Shaw gave examples of three buildings (Royal Residence, Presidential Palace, and Duet) where one hundred and ten apartments were sold to British buyers, plus a further fifty apartments in the same area were also bought by British families.

Builders are standing in line because only the Brits are ready to pay half a million dollars for a four room apartment in a luxury apartment block with pool, gym, Shabbat lift, and underground parking.
"For Brits this is 'only' 250,000 Sterling. Ask anyone in London what they can buy for this price? Maybe a studio flat somewhere."

As long as the price is considered cheap by the British, and as long as the Sterling/Dollar exchange rate holds up, there is a window of opportunity.
Shaw feels that the British desire to buy in Israel will continue until the end of Summer 2007. He thinks that, by then, there may be a shift in the exchange rate and also, by then, most Brits with money would have made their investments in Israel and the opportunity window will slam shut.
Shaw also characterised project investments that appeal to British buyers.
"Location! Facing the sea, or facing the Old City of Jerusalem. Buy off plan before builders start the building process to get the best prices. Buy in a building where people like you are buying. This will ensure that you are buying into a building that will be maintained to the high standard that you expect. For example, would you expect the lobby and common parts to be cleaned every day or only once a week, as in most Israeli controlled apartment buildings? The British are ready to pay a higher 'Vaad' fee to ensure excellent maintenance.
"The best way for builders to sell to the British is to plan, at an early stage, for the special demands and requirements. This is something that other real estate offices do not do. There are a lot of builders we cannot help because they are not willing to work to our standards. We are ready to sit with their architects and make recommendations, such as round balconies, and sexy and beautiful buildings that the British like. As a result, buildings are sold quickly. You have to understand the head and the heart of the British."




The 'Duet' project in South Beach, for example, was marketed by Shaw's office.
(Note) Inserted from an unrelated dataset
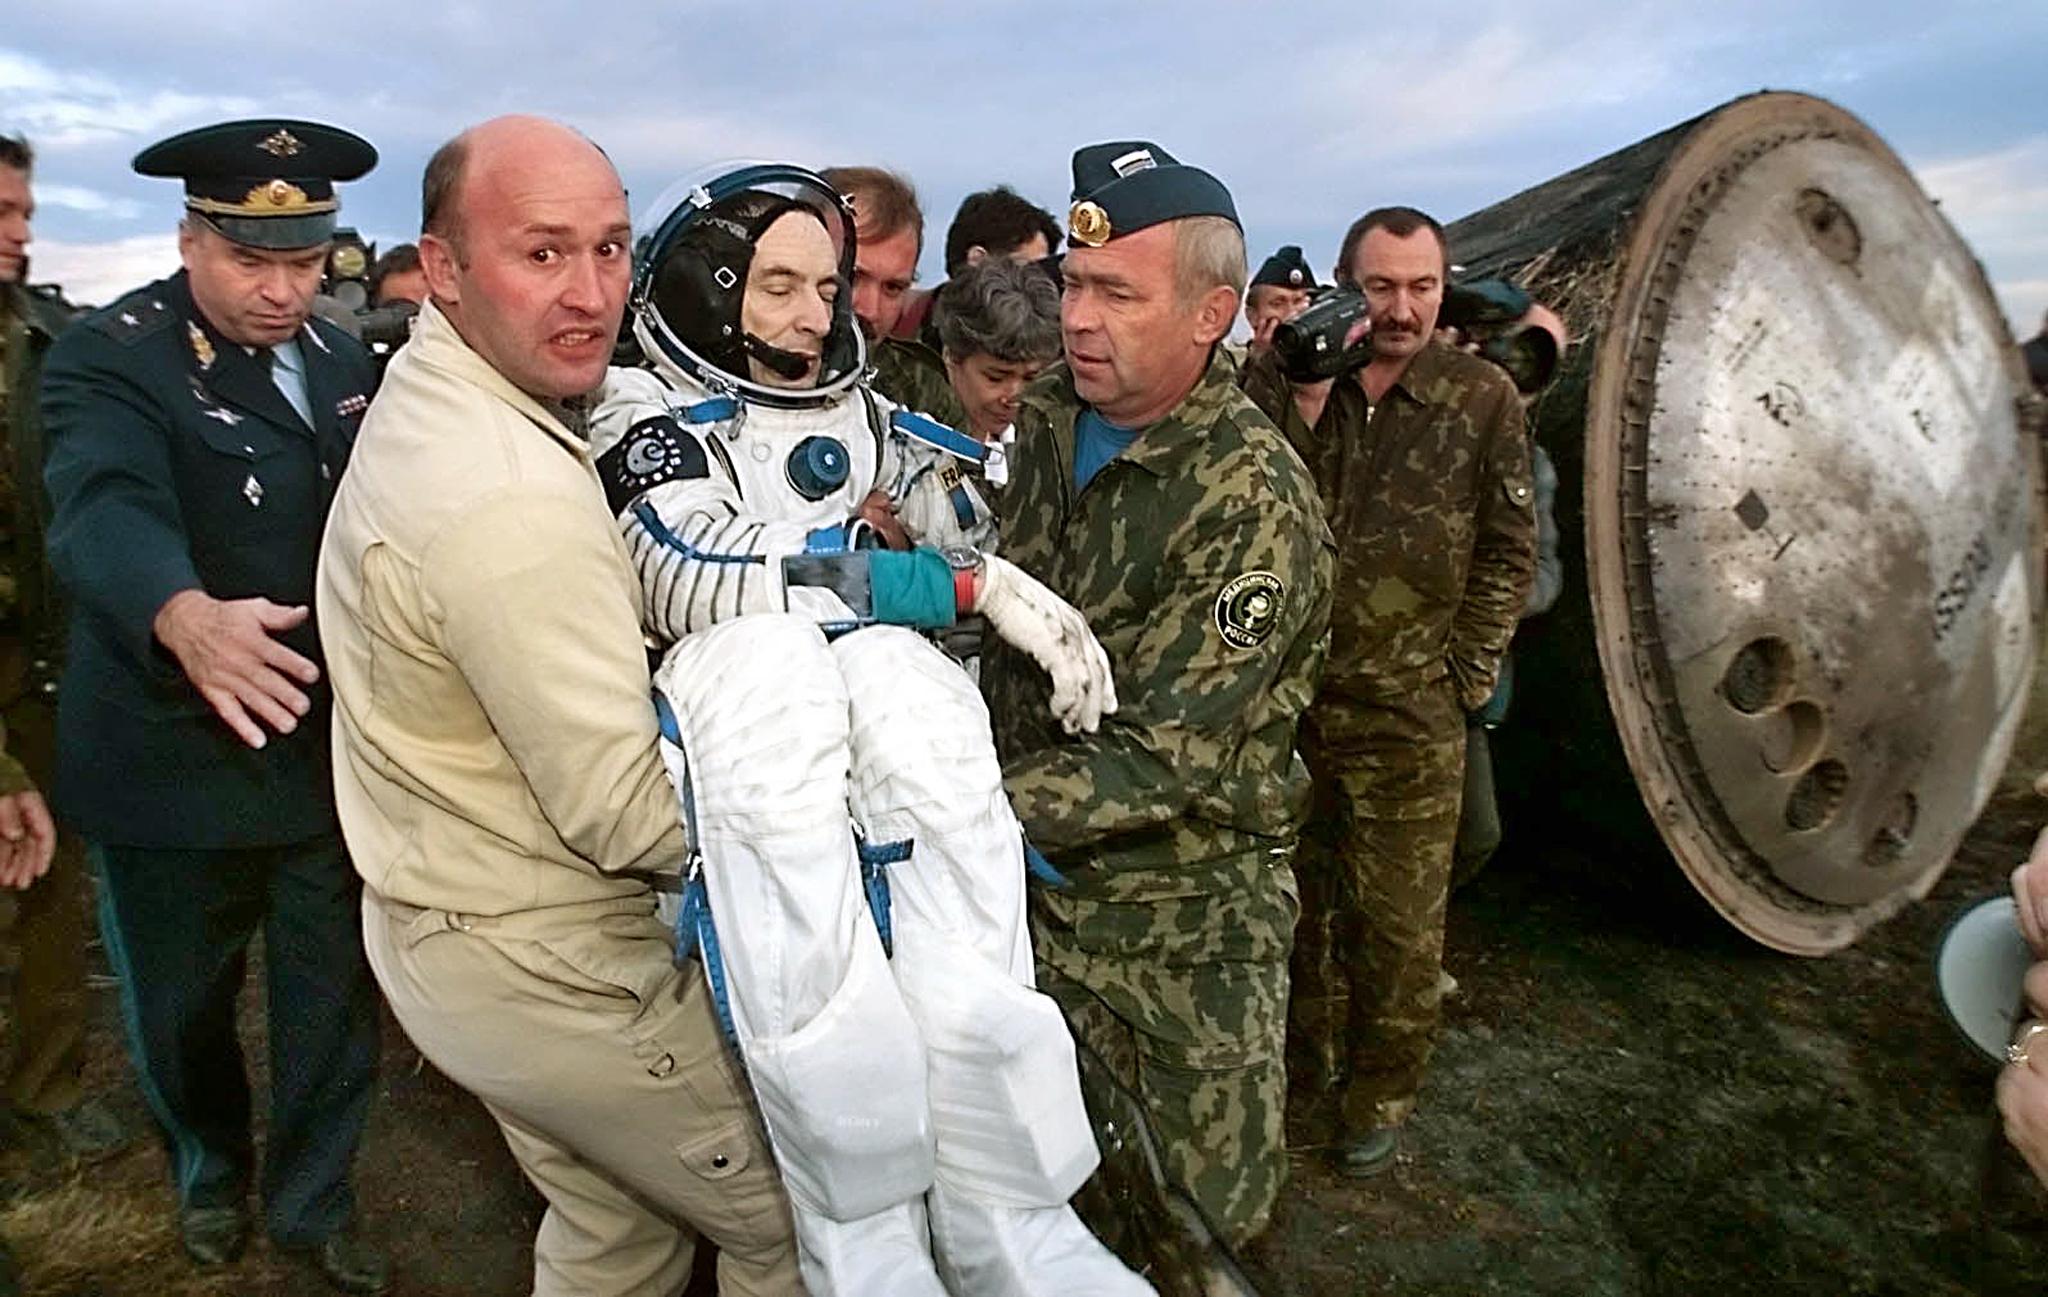 Russian rescue officers carry French astronaut Jean-Pierre Haignere out of "Souyz TM- 29" space craft Aug. 28, 1999, near Arkalyk in Kazakhstan, where the international space crew had landed. Viktor Afanasiev, Jean-Pierre Haignere and Sergei Avdeyev probably were the last crew on Russian Mir space station, Russian officers said.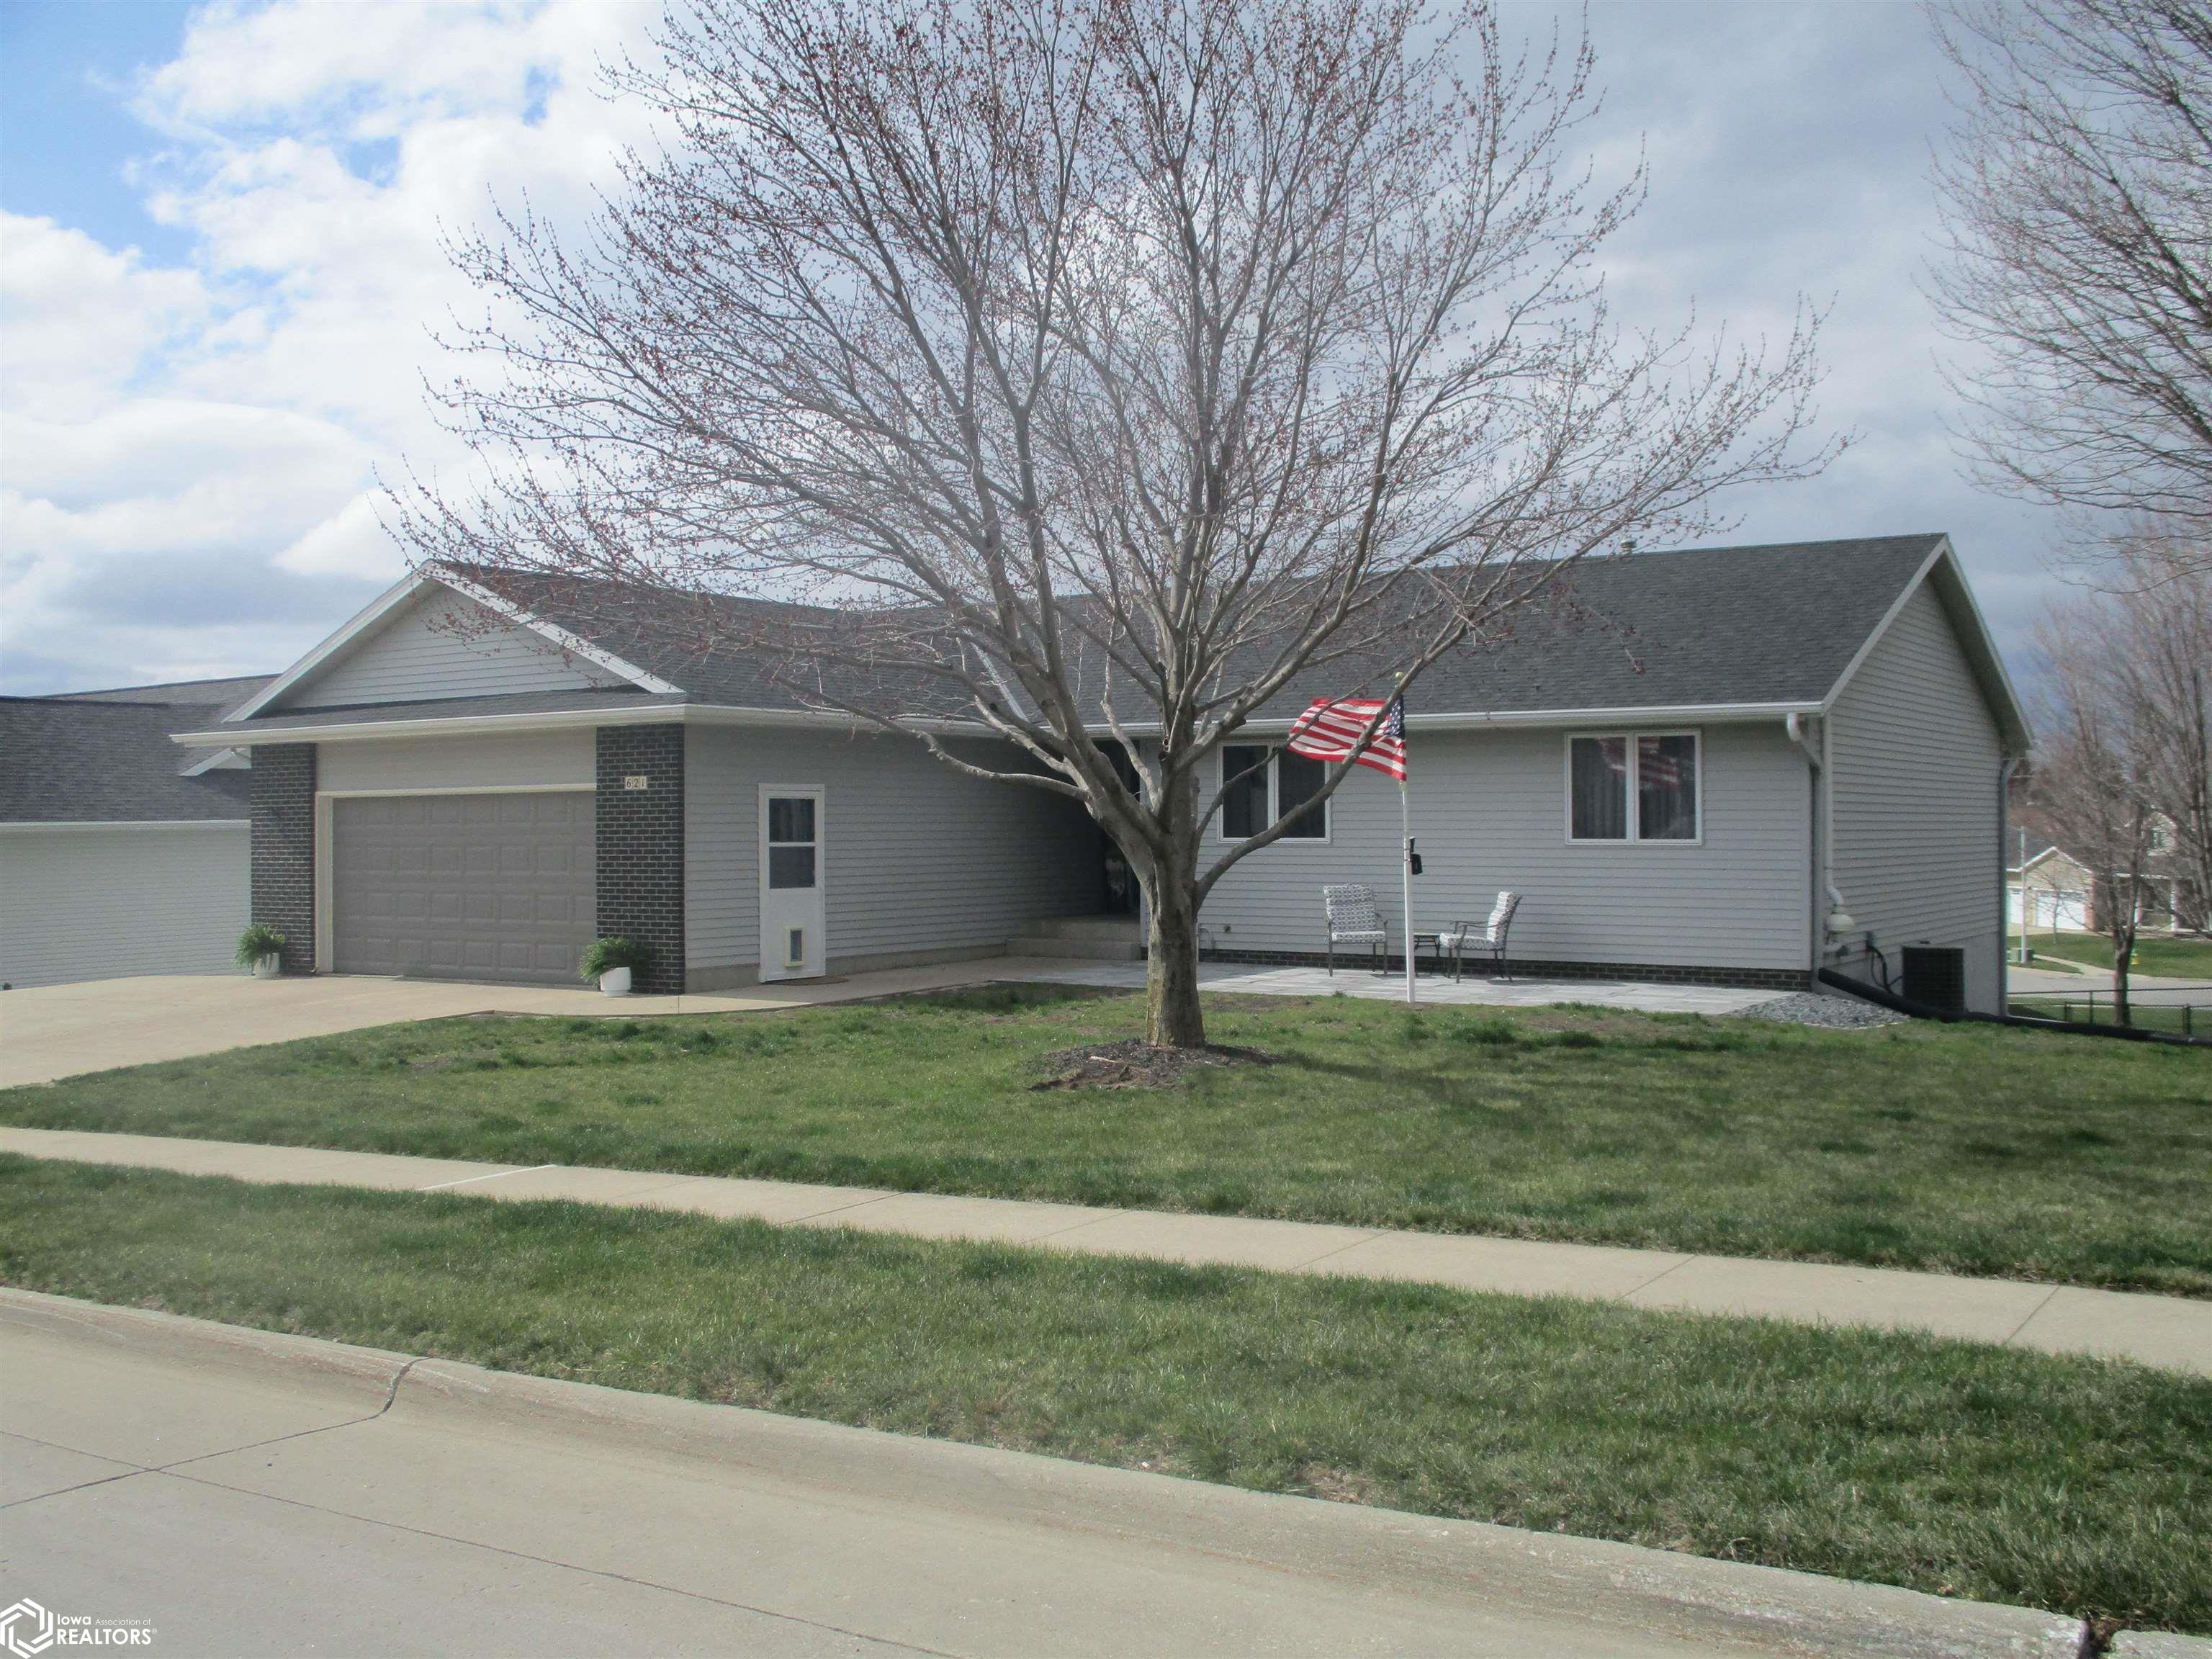 621 SOUTHGATE RD, Carroll, Iowa 51401, 5 Bedrooms Bedrooms, ,2 BathroomsBathrooms,Single Family,For Sale,SOUTHGATE RD,6316329

There were large apartments and penthouses but, for three months, only one of two apartments were sold due to having square balconies.
"The builder said that these balconies were more functional. This was all well and good but, from the moment he changed the shape of the balconies to rounded ones, within a month and a half we sold eighteen apartments at prices between $395,000-$480,000, leaving just three to be sold. And construction did not start until two months later. If builders start to understand the needs of the British I can promise to convince the British to buy."

Mati Monk, of the international section of Bank of Jerusalem, said the British invasion began four to five years ago, though the window of opportunity started two years ago since Sterling reached 1.8 to the Dollar. This made things easier for Britons to buy in Israel.
Also changes in rax laws encouraged overseas people to buy here.
According to Monk, discomfort with the rising Islamic presence, and recent anti-Semitism in England, makes many feel it is good to have a place in Israel.
Monk identifies a sharp rise in property purchase in Netanya and Jerusalem. Monk estimates that the British bought over $300 million of Israeli properties in 2006.
British understand that to buy a property abroad you need a local expert to supervise your investment, and most British have someone, or a company, to manage their assets here.
With the strong economy, Israel has become an attractive place, not only to have a residential home, but also to invest further.
"Nearly all the projects in Israel are of interest to real estate investors broad."
Mark says that Tel Aviv is of interest, but to a lesser degree, to the British. Netanya is extremely popular to Jewish communities in Brtain partly due to the existing British religious and social community there, and their connection to friends and families in London and Manchester.
Builders are advised to present one or two happy British buyers who have bought in their projects, and they will do their work for them.
"British prefer to buy in newer areas where values will rise."
Monk advises builders, "There is some lack of trust in the Israeli system., You need someone of British origin to represent you."